Conspectus
In this
Account, we showcase site-directed Cu2+ labeling
in proteins and DNA, which has opened new avenues for the measurement
of the structure and dynamics of biomolecules using electron paramagnetic
resonance (EPR) spectroscopy. In proteins, the spin label is assembled in situ from natural amino acid residues and a metal complex
and requires no post-expression synthetic modification or purification
procedures. The labeling scheme exploits a double histidine (dHis)

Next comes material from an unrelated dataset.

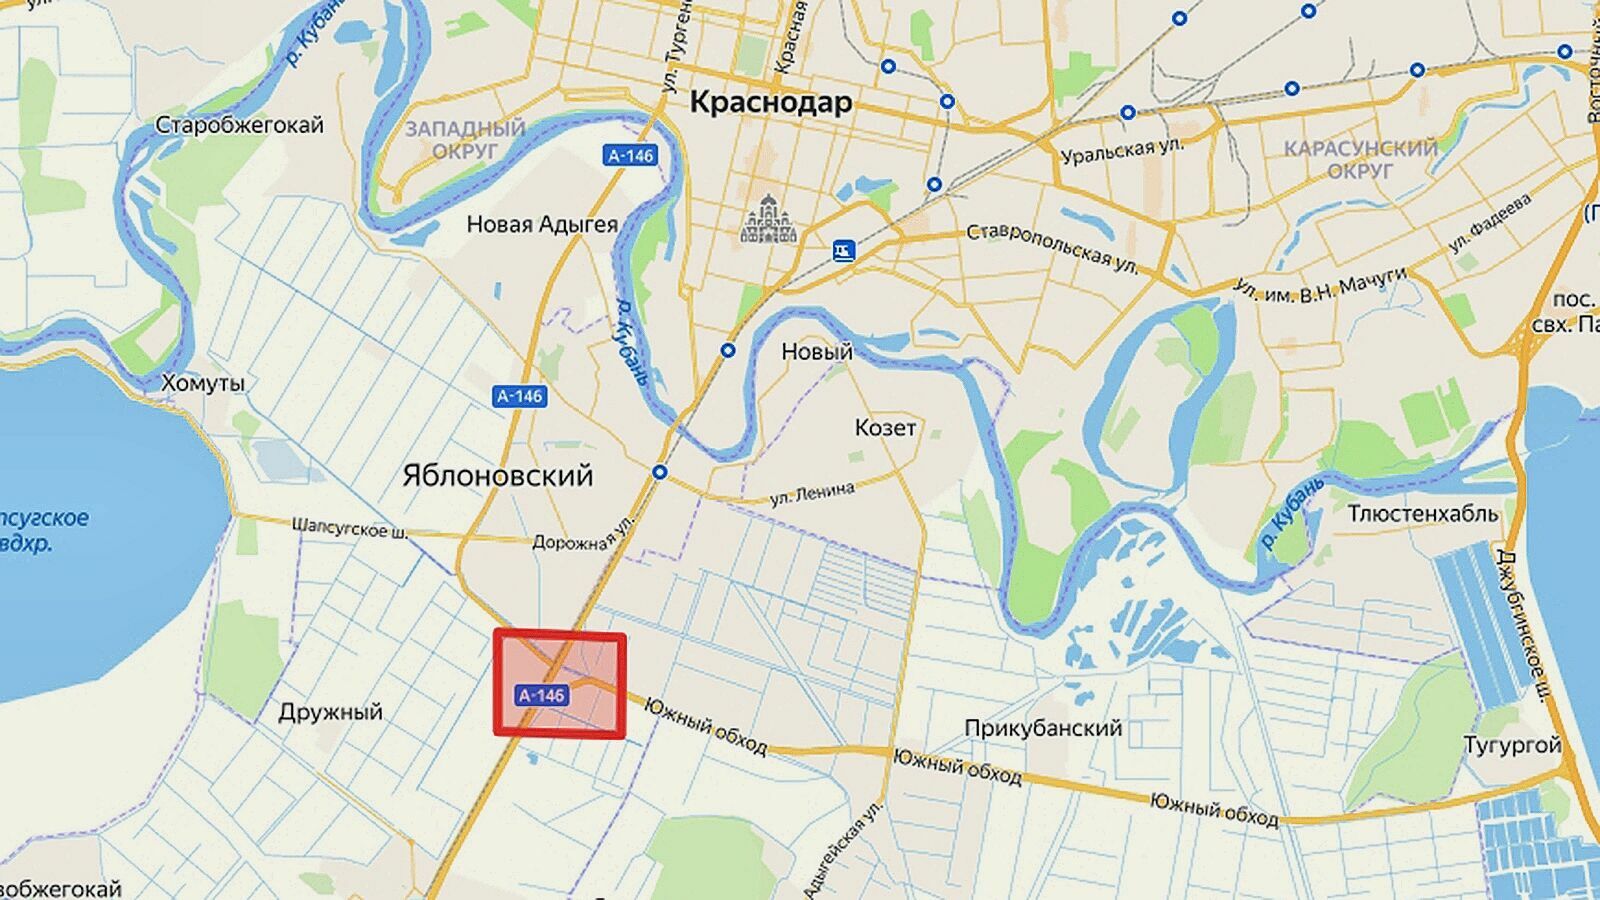 Новая развязка появится в районе Яблоновского и Южного обхода Краснодара

motif, which utilizes endogenous or site-specifically mutated histidine
residues to coordinate a Cu2+ complex. Pulsed EPR measurements
on such Cu2+-labeled proteins potentially yield distance
distributions that are up to 5 times narrower than
the common protein spin labelthe approach, thus, overcomes
the inherent limitation of the current technology, which relies on
a spin label with a highly flexible side chain. This labeling scheme
provides a straightforward method that elucidates biophysical information
that is costly, complicated, or simply inaccessible by traditional
EPR labels. Examples include the direct measurement of protein backbone
dynamics at β-sheet sites, which are largely inaccessible through
traditional spin labels, and rigid Cu2+–Cu2+ distance measurements that enable higher precision in the analysis
of protein conformations, conformational changes, interactions with
other biomolecules, and the relative orientations of two labeled protein
subunits. Likewise, a Cu2+ label has been developed for
use in DNA, which is small, is nucleotide independent, and is positioned
within the DNA helix. The placement of the Cu2+ label directly
reports on the biologically relevant backbone distance. Additionally,
for both of these labeling techniques, we have developed models for
interpretation of the EPR distance information, primarily utilizing
molecular dynamics (MD) simulations. Initial results using force fields
developed for both protein and DNA labels have agreed with experimental
results, which has been a major bottleneck for traditional spin labels.
Looking ahead, we anticipate new combinations of MD and EPR to further
our understanding of protein and DNA conformational changes, as well
as working synergistically to investigate protein–DNA interactions.